Tarantulas, friends or foes?

Last week I made friends with a tarantula. Jane with tarantula

I’m not making it up, honest. I held a live tarantula in my two hands for several minutes, and survived to tell the tale. Richard and I were visiting Bugtopia, an unusual kind of zoo which specialises in creepy-crawlies of all sorts. From butterflies to scorpions, from centipedes to spiders, there’s a huge selection. Many of them, like the giant tropical butterflies, you can see free-range, in an enormous glasshouse full of plants; others are in cages on view in the warm jungle-type atmosphere. But the best thing, the reason we went, is that visitors can arrange to have hands-on contact with some of the creatures.

In a quiet, dim room, we were the only two visitors for a presentation by one of the zoo’s staff. She was knowledgeable and entertaining and definitely, I felt, a safe pair of hands. She brought several specimens out from their cages to meet us, starting with a couple of cockroaches, impeccably clean although in the wild they prefer dirty places where they can scavenge food remains. Then a stick insect who, unlike the sedentary specimens I remember from school, crawled up my jacket, apparently wondering if I’d make a good tree.

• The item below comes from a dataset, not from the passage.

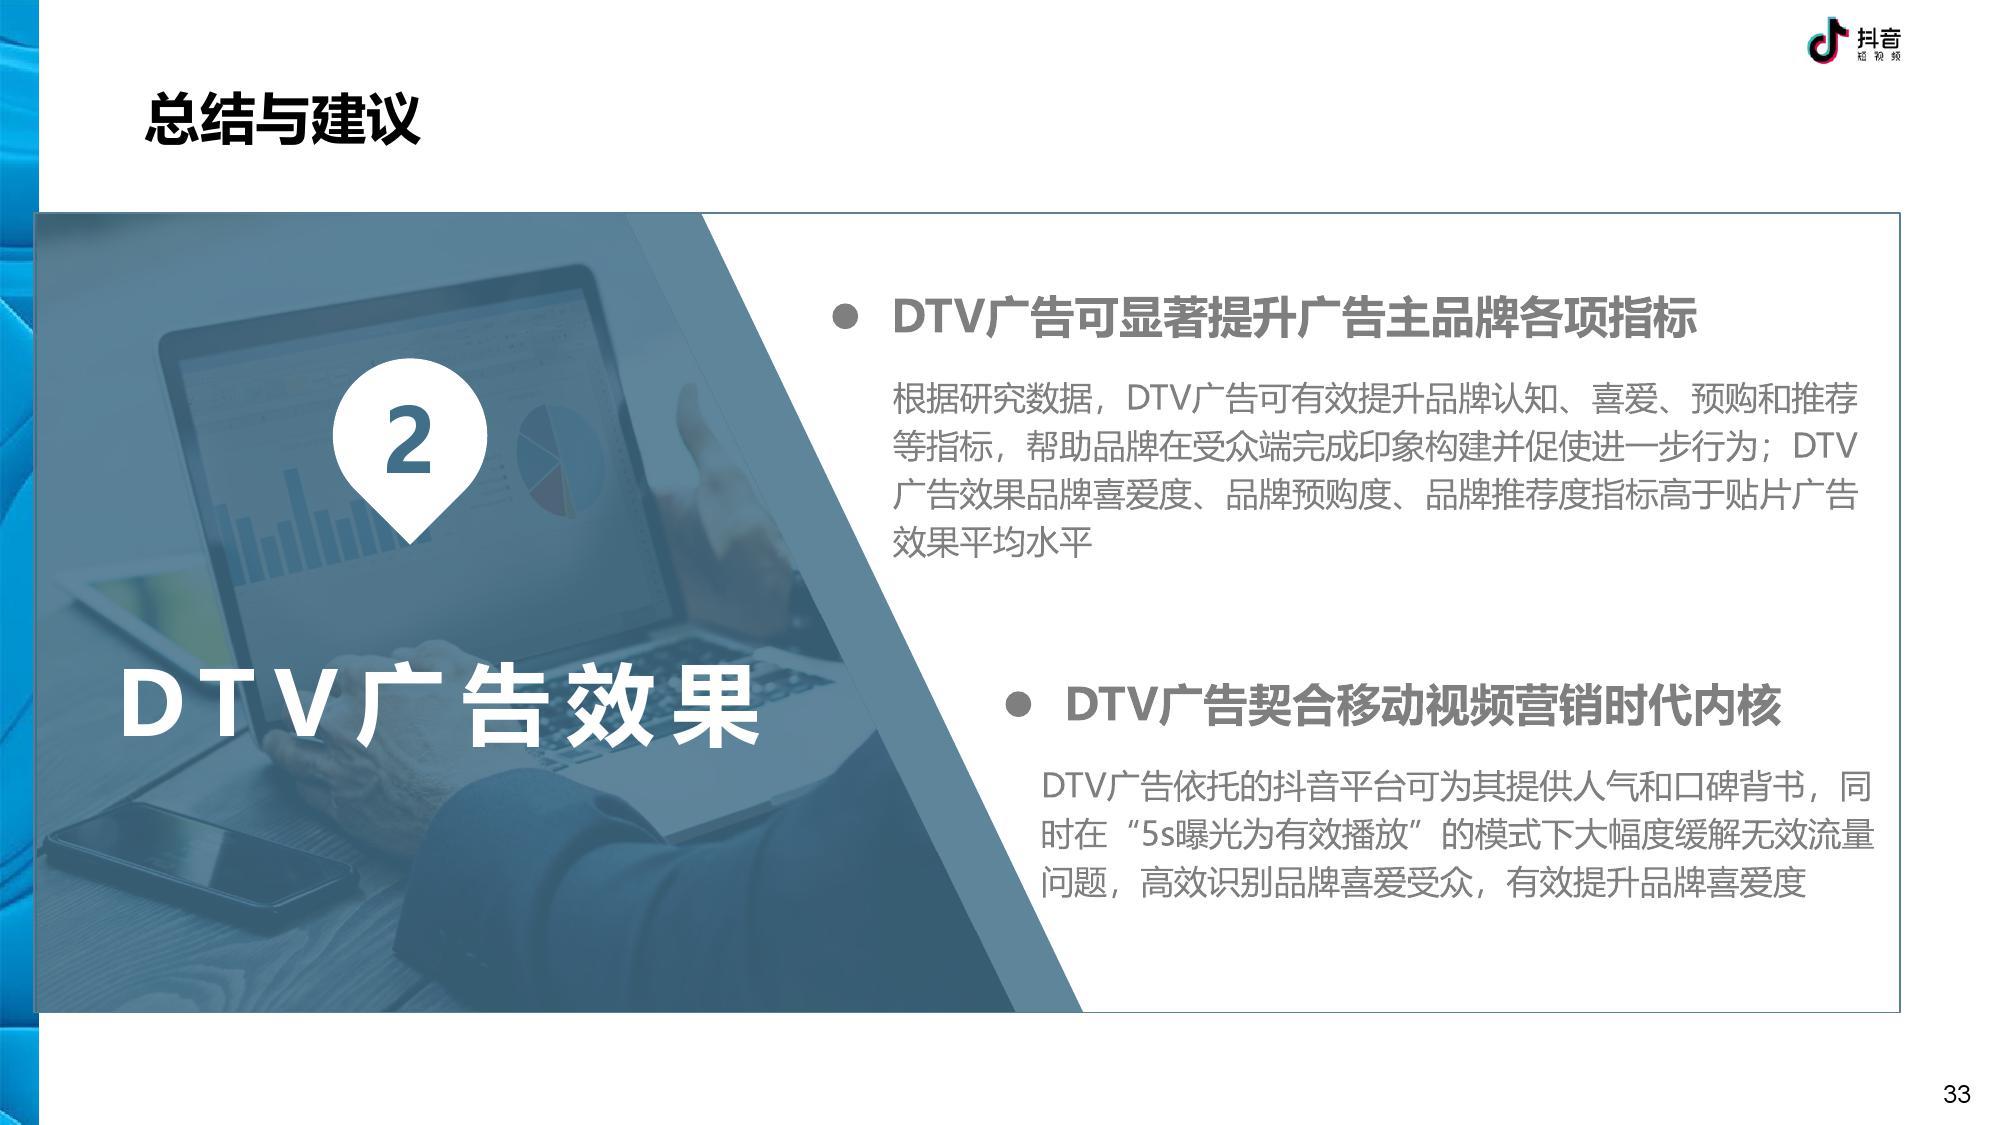 抖音 DTV 广告营销价值白皮书-CNMOAD 中文移动营销资讯 33

Jane and millipedeNext a millipede; cute and friendly; a relatively small one, who’d have made me a bracelet if she’d chosen to wind round my wrist. The largest millipedes can be as long as your forearm, and no prizes for guessing which animal has won a Guinness Book World Record for having the most legs of any creature on the planet. 750!

Tarantula close-upFinally came the tarantula. I’ll admit I was quite uneasy about this one. I remembered – do you? – that scene in the very first James Bond film, “Dr. No”, where Bond has a tarantula planted in his bed and has to lie still while it crawls up his body. But our spider turned out to be a peaceful pussy-cat. She was a Mexican Red Rump, though as she’s recently shed her skin she wasn’t showing any red. Our instructor passed her carefully to Richard, reassuring us that tarantulas don’t deserve their fearsome reputation. They do NOT kill people. Their bite is unpleasant and may be painful, but not deadly. They are reluctant to attack people anyhow, unless seriously threatened, preferring to escape if they can. If they can’t, they give a series of warning signals, lasting several minutes, indicating “Keep back, I’m a scary monster.” They rear up into a threatening position showing off their fangs; then many of them – including the one we met – follow that up by shooting off bristles from their backs towards their opponent. You wouldn’t want one in the eye, but it wouldn’t kill you, and neither would the weapon of last resort. the less-than-deadly bite.

Eventually I felt reassured enough to take our spider in my hands, watching her warily. She was as good as gold, calm, alert but barely moving. I think she was at ease. I definitely was. I felt I’d made a friend, not endured an enemy. And the whole experience was truly fascinating.

Of course, being a mystery writer, I’ve realised there’s a problem. (A fly in the ointment?) I’ve always assumed that if I ever needed a poisonous spider as a murder weapon in one of my stories, I’d just introduce a tarantula, no explanation necessary because everybody knows. Only in this case what “everybody knows” is wrong. So I’ll have to find another venomous arachnid. There seem to be several candidates: black widow spiders, brown widow ditto, Australian funnel web…how about a crime set in Sydney?

Hmmm. More research needed, I think. Though it absolutely won’t be hands-on!

2 thoughts on “Tarantulas, friends or foes?

  1. An interesting experience, Jane. Took some courage I’m sure. I’m afraid that Black Widows aren’t much good either unless you want to kill a small child. On the other hand, a Funnel Web has real potential. My favorite is a type of crab spider that occurs in dark caves in Namibia. It’s rare and retiring, but so deadly that nothing survives the bite and there is no detailed analysis of the venom. So far it’s been hard to work into a story though!

    1. Thanks for the information, Michael. I’ll check out (Internet only!) the Namibian crab spider, sounds horrible, and as you say not easy to incorporate into a story…but interesting!